Restricted Application added a subscriber: Aklapper. · View Herald TranscriptFeb 11 2015, 6:44 PM
chasemp triaged this task as High priority.Feb 11 2015, 6:47 PM
chasemp set Security to None.
demon added a comment.Feb 11 2015, 8:01 PM
  • +1 to changing the boolean syntax to AND instead of OR. Nobody expects OR by default.
  • +1 to lowering min word length to 3, as long as it doesn't have insane performance implications
  • Indifferent to using Phabricator's stopword file

+1 to all three options, imo.

The ARIA engine uses the same fulltext stopword list as MyISAM did, which is fairly long[1]. We also need to increase the aria_pagecache_buffer_size.

[1] https://mariadb.com/kb/en/mariadb/stopwords/#myisam-stopwords

+1 to the word length (I just reported this, see T89369) and +1 to the operator. To be honest I would classify the fact that a search engine defaults to OR as a bug nowadays.

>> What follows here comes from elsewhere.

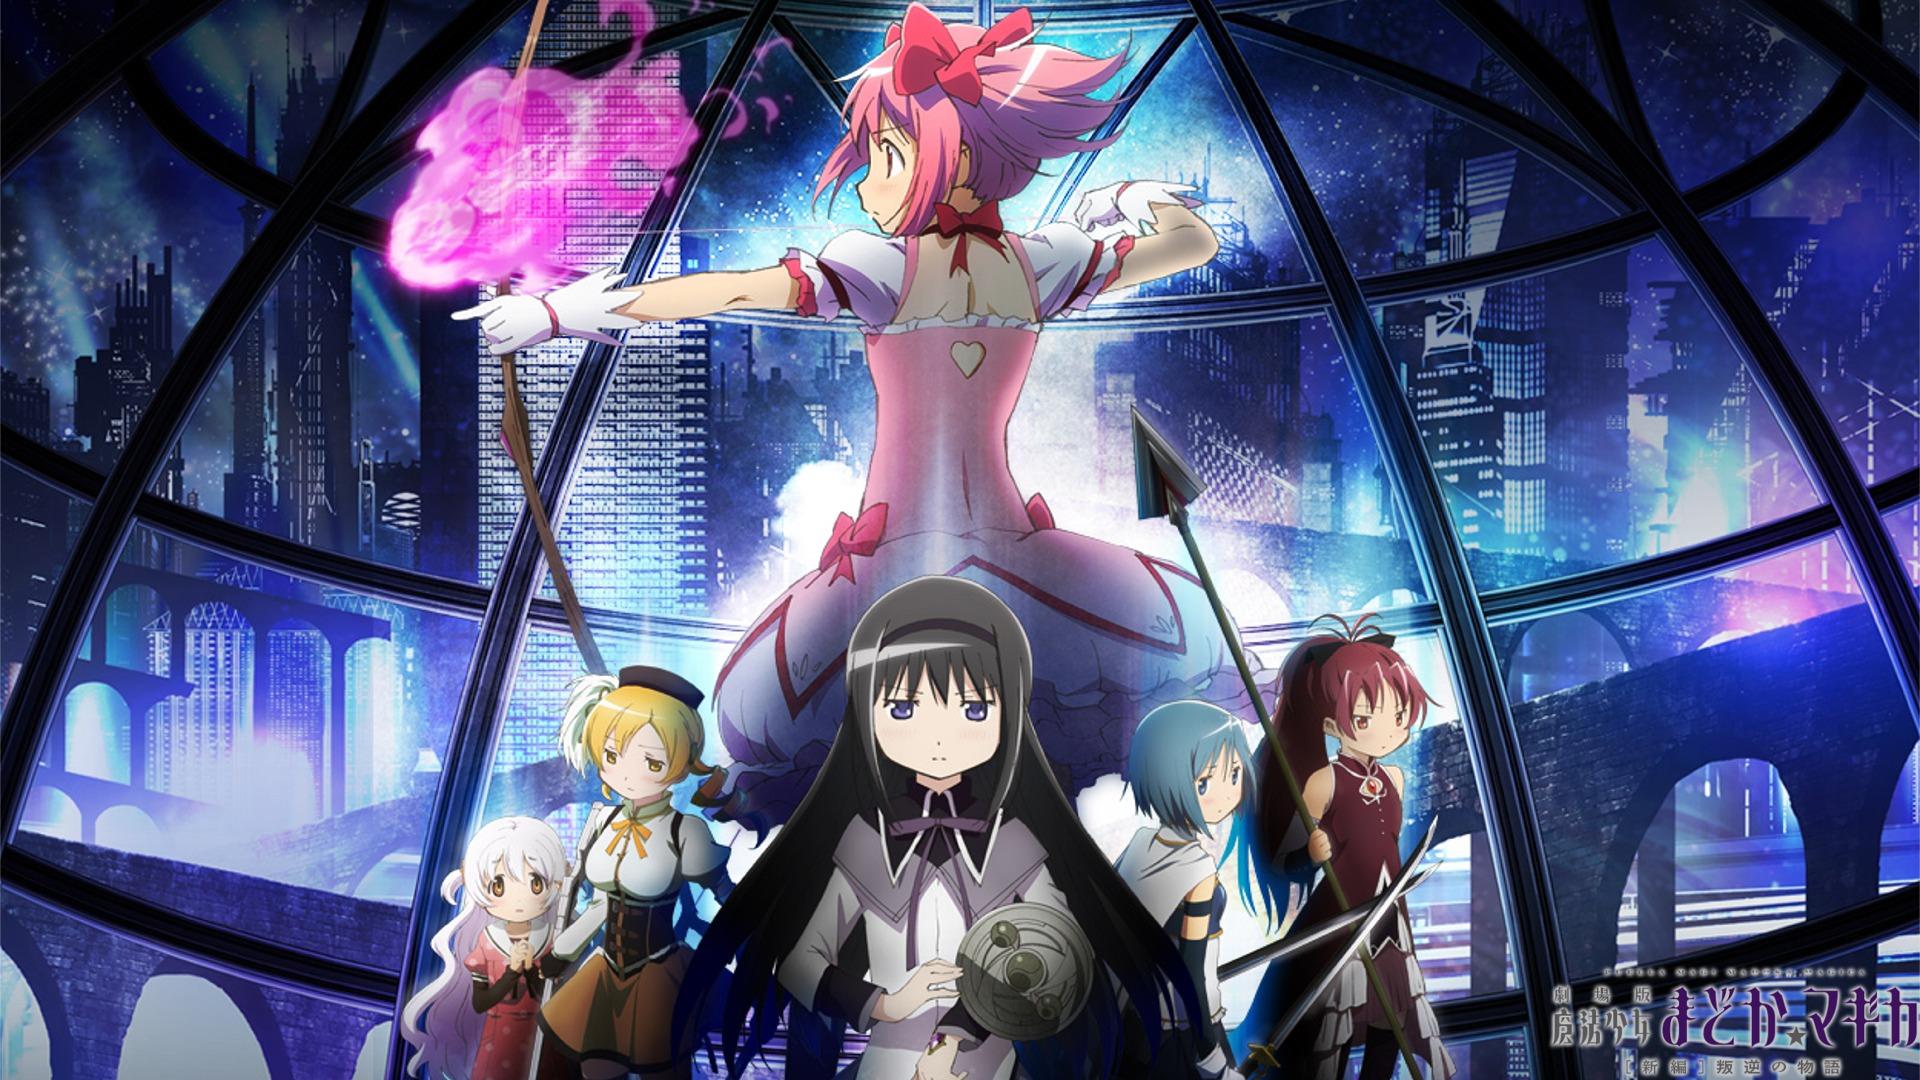 Mahou Shoujo Madoka Magica OST Soundtrack

Question: Is the fact that the search ignores my attempts to type AND a bug I should report?

gerritbot added a subscriber: gerritbot.

Change 190775 had a related patch set uploaded (by Springle):
phabricator using mysql fulltext T89274, tweaked for mariadb/aria

https://gerrit.wikimedia.org/r/190775

Patch-For-Review

The ft_boolean_syntax fix for default AND behavior has been applied as it doesn't technically need a DB restart. The ft_min_word_len, stopwords, and table rebuild do need the restart.

Question: Is the fact that the search ignores my attempts to type AND a bug I should report?

The technical reason is that MySQL boolean fulltext syntax[1] uses + instead of AND. A phabricator bug report pitching it as a user interface fail might be justified.

http://dev.mysql.com/doc/refman/5.5/en/fulltext-boolean.html

@Springle I think the puppet looks good. When is good for you to knock this out? I'll try to sync up with you on irc also. Thanks again

Change 190775 merged by Springle:
phabricator using mysql fulltext T89274, tweaked for mariadb/aria

https://gerrit.wikimedia.org/r/190775

chasemp closed this task as Resolved.Feb 18 2015, 12:50 AM
chasemp claimed this task.

done